Case Study: Growing From 40 to 120 Horses With Better Scheduling
Mike Stanton started his farrier business in 2022 with 40 horses, a used truck, and a notebook.
The notebook worked fine at 40 horses. It broke down badly at 70. By the time he hit 85, he was missing follow-ups, double-booking slots, and forgetting which horses were overdue. He wasn't dropping balls because he was careless, he was dropping balls because a paper system has a ceiling.
Farriers who adopt scheduling software reach their target client count 40% faster on average. Mike found out why firsthand.

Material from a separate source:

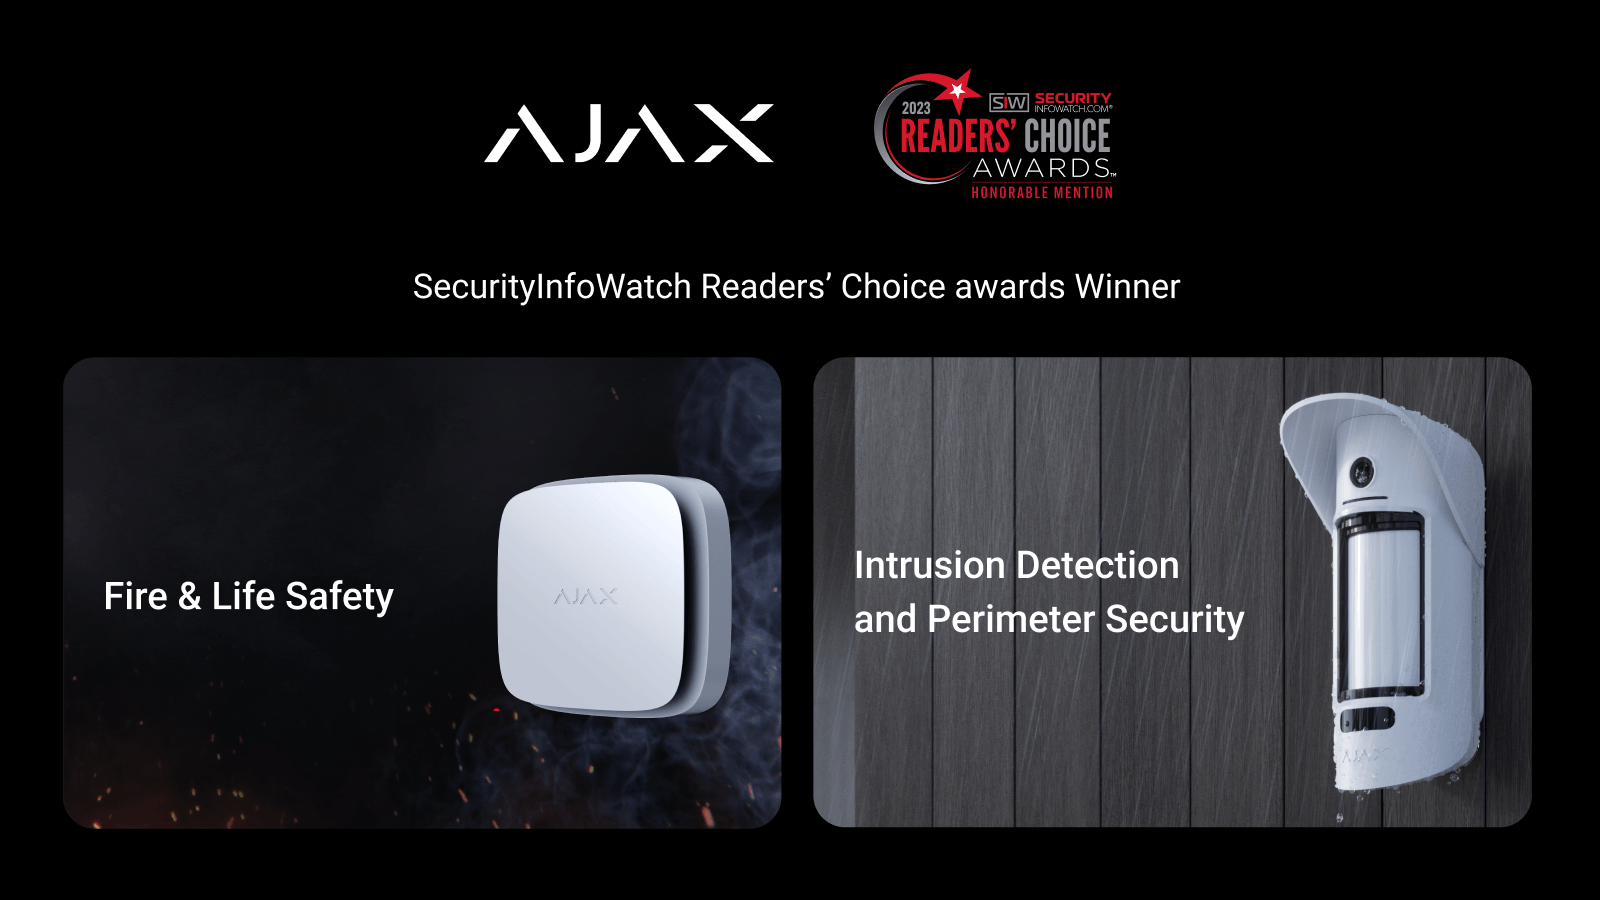 Ajax Systems получила премию американского издания SecurityInfoWatch.com в 2 категориях

Eighteen months after onboarding with FarrierIQ, Mike serves 120 horses. He has one part-time assistant. He nets approximately $30,000 more per year than he did at the 40-horse stage. This is the month-by-month picture of how that happened.
TL;DR
- Farriers who adopt scheduling software reach their target client count 40% faster on average -- Mike's experience going from 40 to 120 horses in 18 months illustrates exactly why.
- At 70 horses, Mike was spending 90 minutes per day on administrative work; switching to FarrierIQ brought that down to 20 minutes per day, recovering 70 minutes that converted directly to additional appointment capacity.
- The waitlist feature filled 14 open slots in Mike's first three months on the platform -- four of those became regular clients, turning a cancellation recovery tool into a growth mechanism.
- At 100 horses, hiring a part-time assistant became financially viable precisely because Mike's records and scheduling were already organized; adding an assistant to a paper-based system would have doubled administrative complexity instead of capacity.
- Mike's assistant handles client reminder follow-up, supply runs, and end-of-day invoicing from the truck -- tasks that previously cost Mike 70+ minutes per day and are now handled while he drives.
- Mike estimates he wasted thousands of miles in his first year on inefficient routes by not using FarrierIQ's route optimization until month 11 -- an early mistake he'd correct if starting over.
The Starting Point: 40 Horses, One Notebook
When Mike launched, his system was simple because his operation was simple. Forty horses, one week at a time. He kept a paper calendar, wrote client names and addresses in a notebook, and texted reminders manually the night before.
It worked. He knew all his clients personally. Nothing fell through the cracks.
By month four, he was at 55 horses. The notebook was getting crowded. He was spending more time on scheduling logistics than he'd expected. He couldn't always remember which horses were coming up on their interval. He started keeping a second notebook just for overdue tracking.
By month eight, he was at 70 horses and starting to feel the friction of the system. He was spending roughly 90 minutes per day on administrative work, reminders, invoicing, tracking overdue animals, returning calls. That's 7.5 hours per week that wasn't generating revenue.
That's when he switched to FarrierIQ.
Month-by-Month Horse Count
| Month | Horses | Key Milestone |
|---|---|---|
| 1 (start) | 40 | Paper system, manageable |
| 4 | 55 | Second notebook added |
| 8 | 70 | Switched to FarrierIQ |
| 10 | 79 | Admin time down to 20 min/day |
| 12 | 88 | First waitlist clients added |
| 15 | 100 | Hired part-time assistant |
| 18 | 120 | Target reached |
What Changed When He Started Using Software
The first thing Mike noticed wasn't more horses. It was fewer headaches.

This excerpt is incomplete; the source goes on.